Try it
Take the line containing "Crosslink Energy Advisors" through the last line of the data and retype those lines exactly. Pictures do not belong in the copy.

──────── Source data ────────

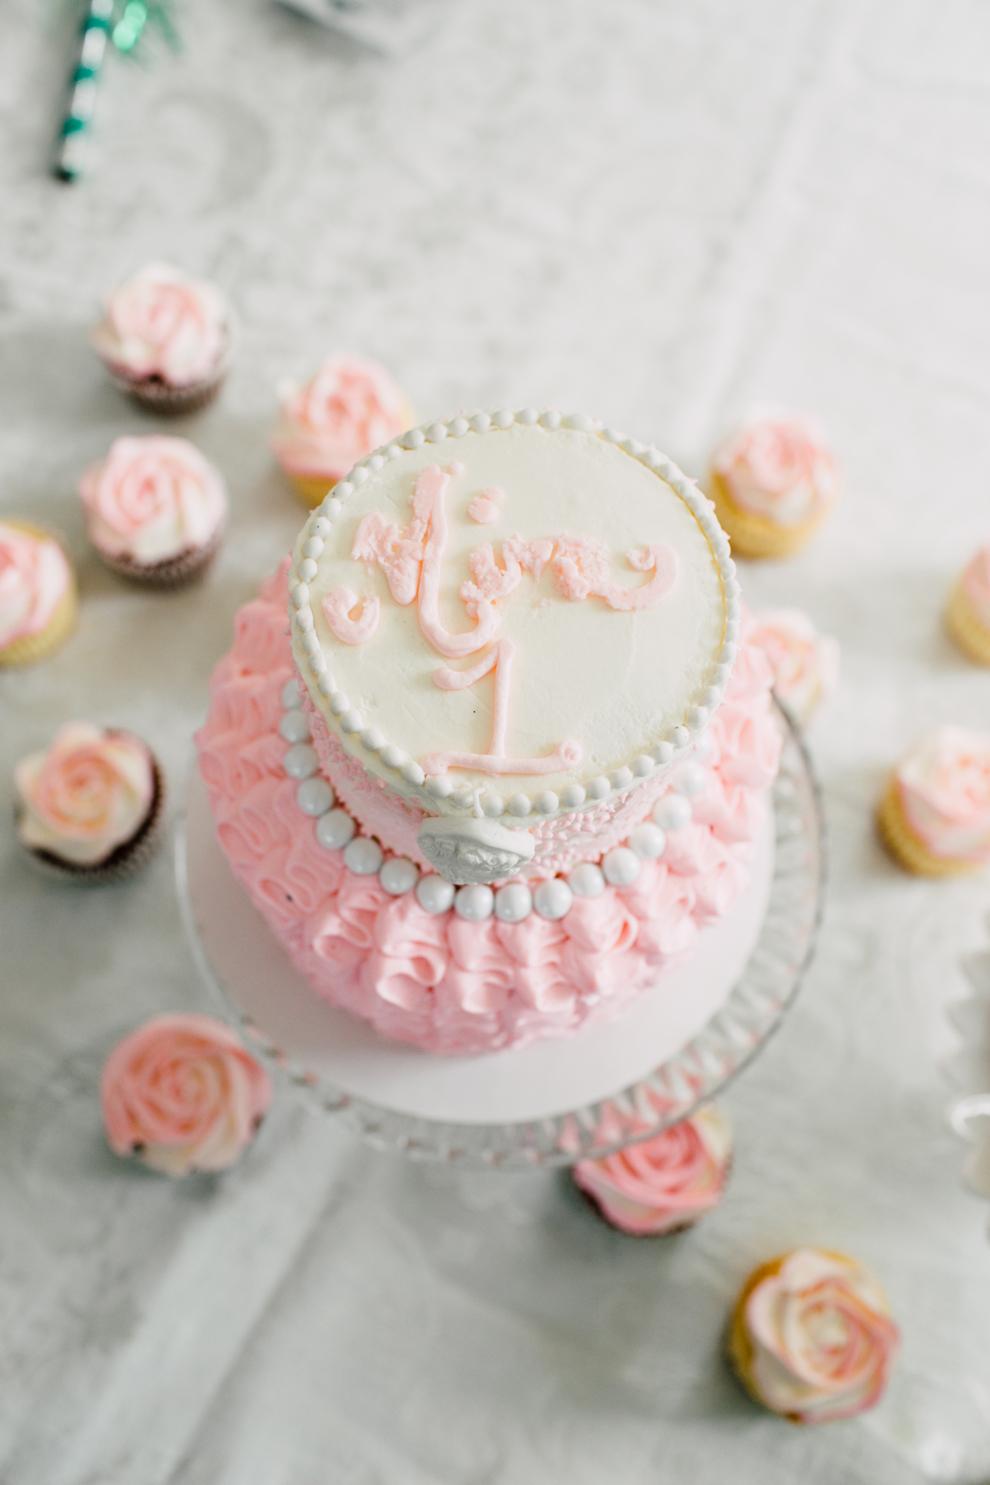 038-one-year-birthday-party-event-photography-lynden-bellingham-katheryn-moran-mira.jpg
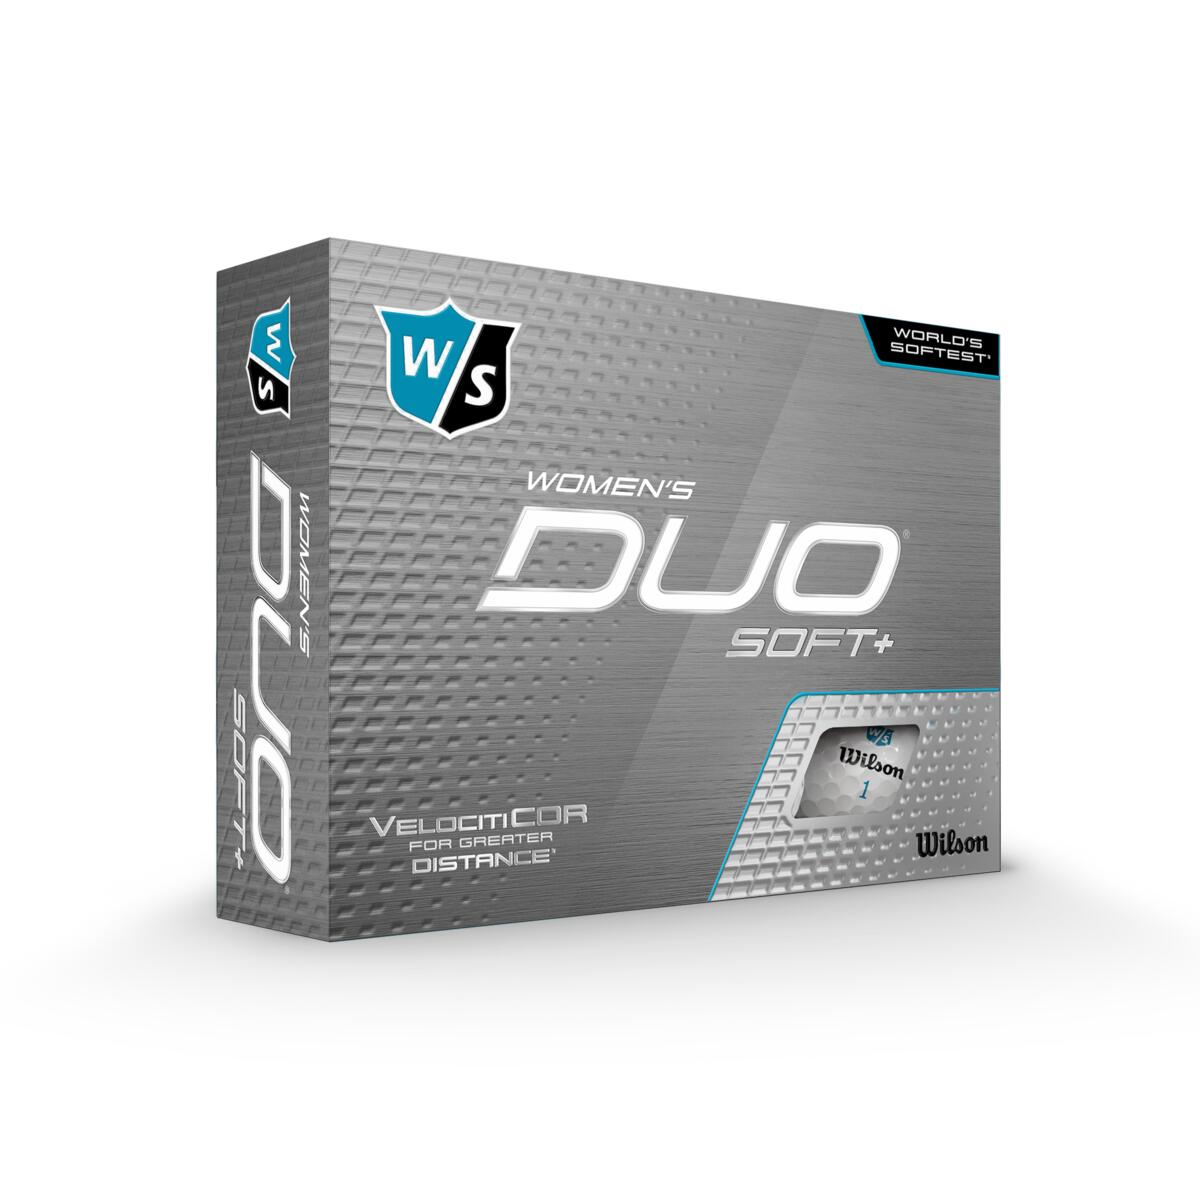 Wilson - Duo Soft+ White - 12pack - Kvinde Golfbolde
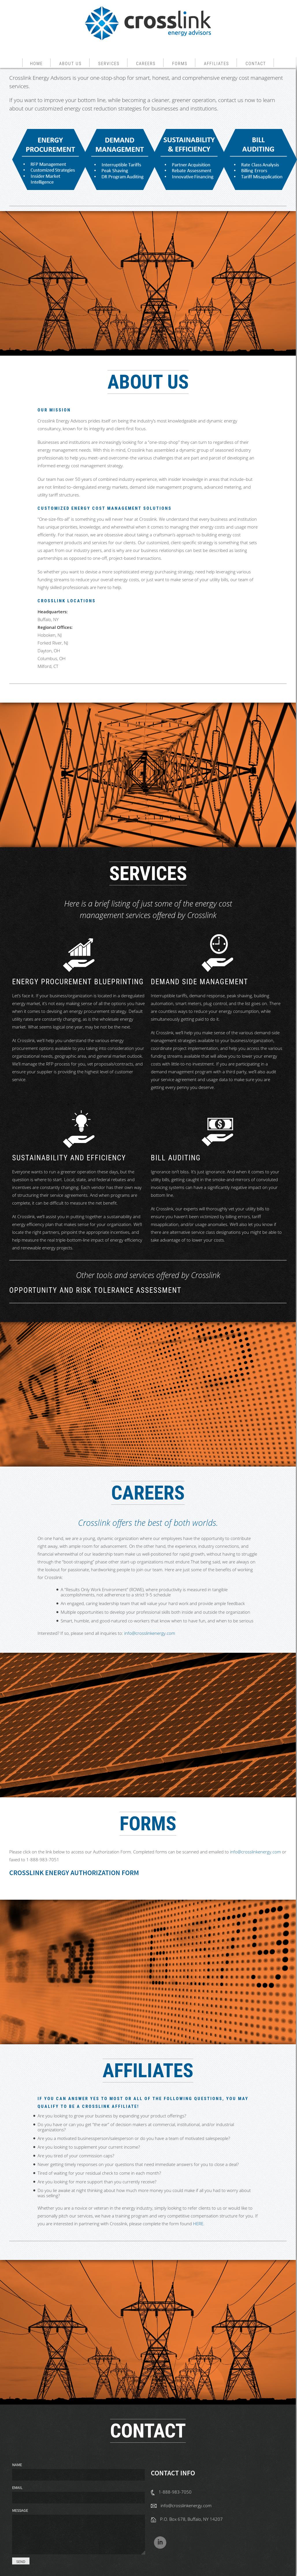 Crosslink Energy Advisors Competitors, Revenue and Employees
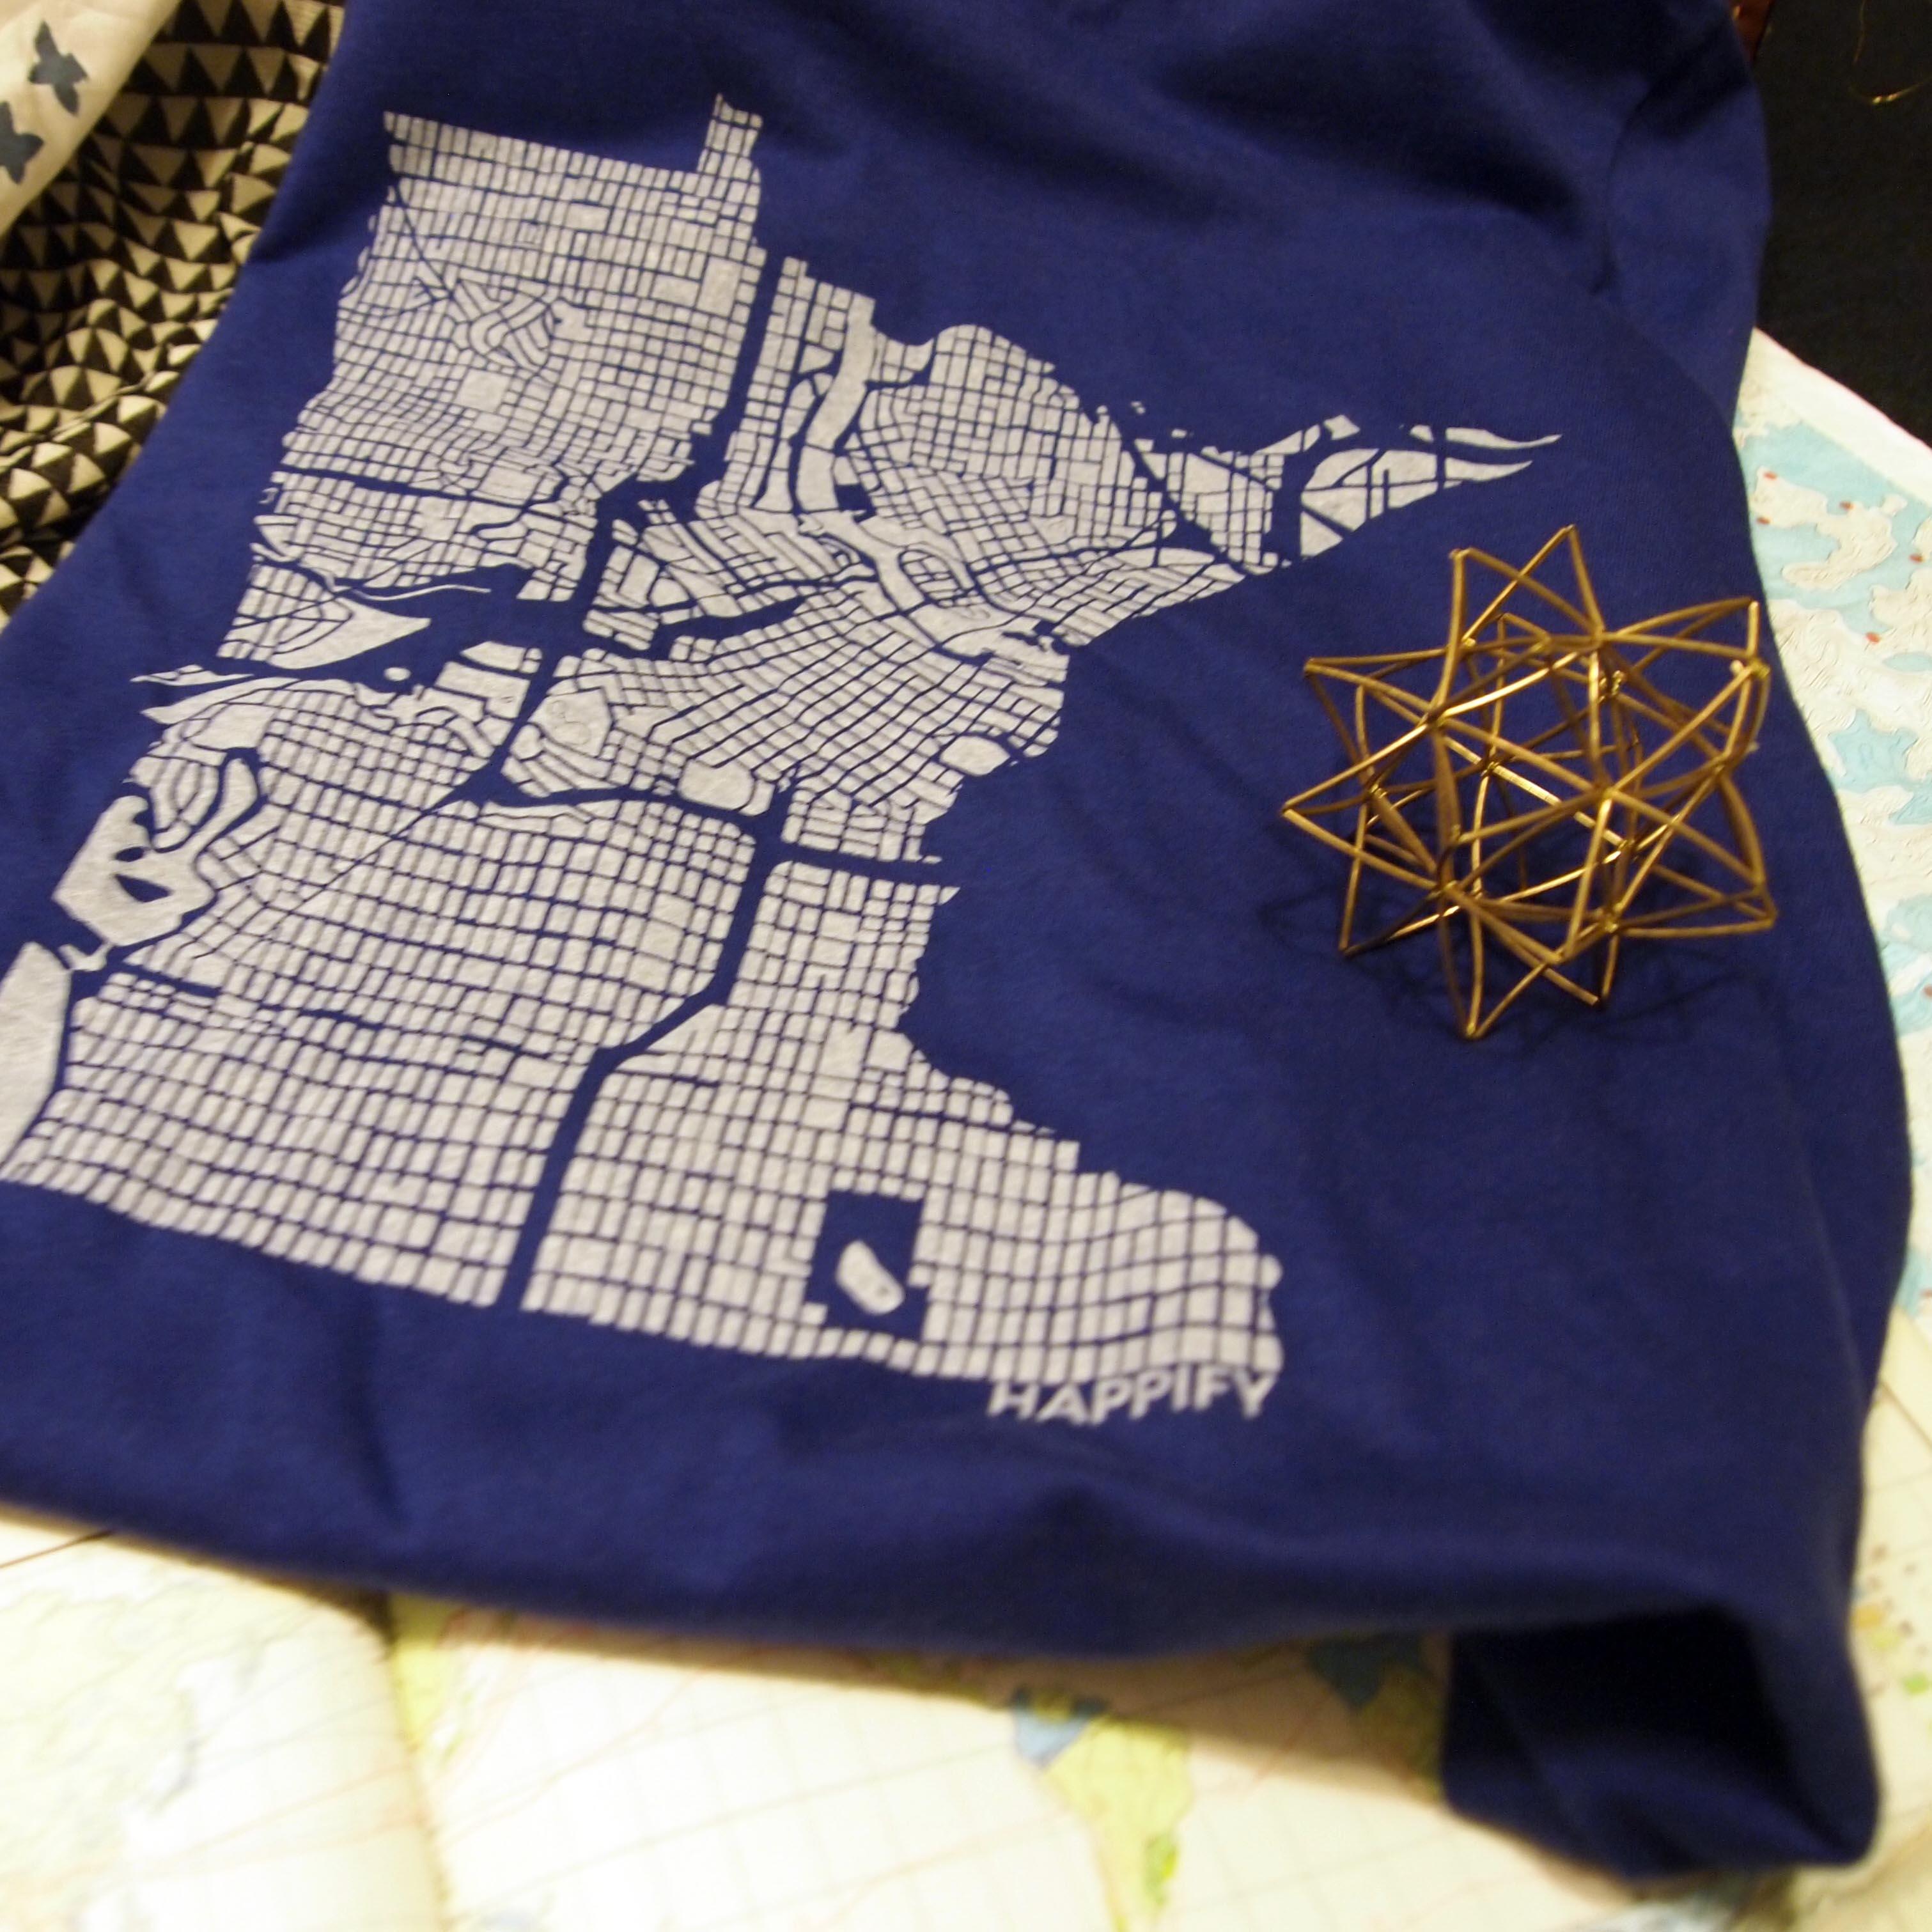 Designed Mplsmn Shirt Happify

────────

Result
 Crosslink Energy Advisors Competitors, Revenue and Employees
 Designed Mplsmn Shirt Happify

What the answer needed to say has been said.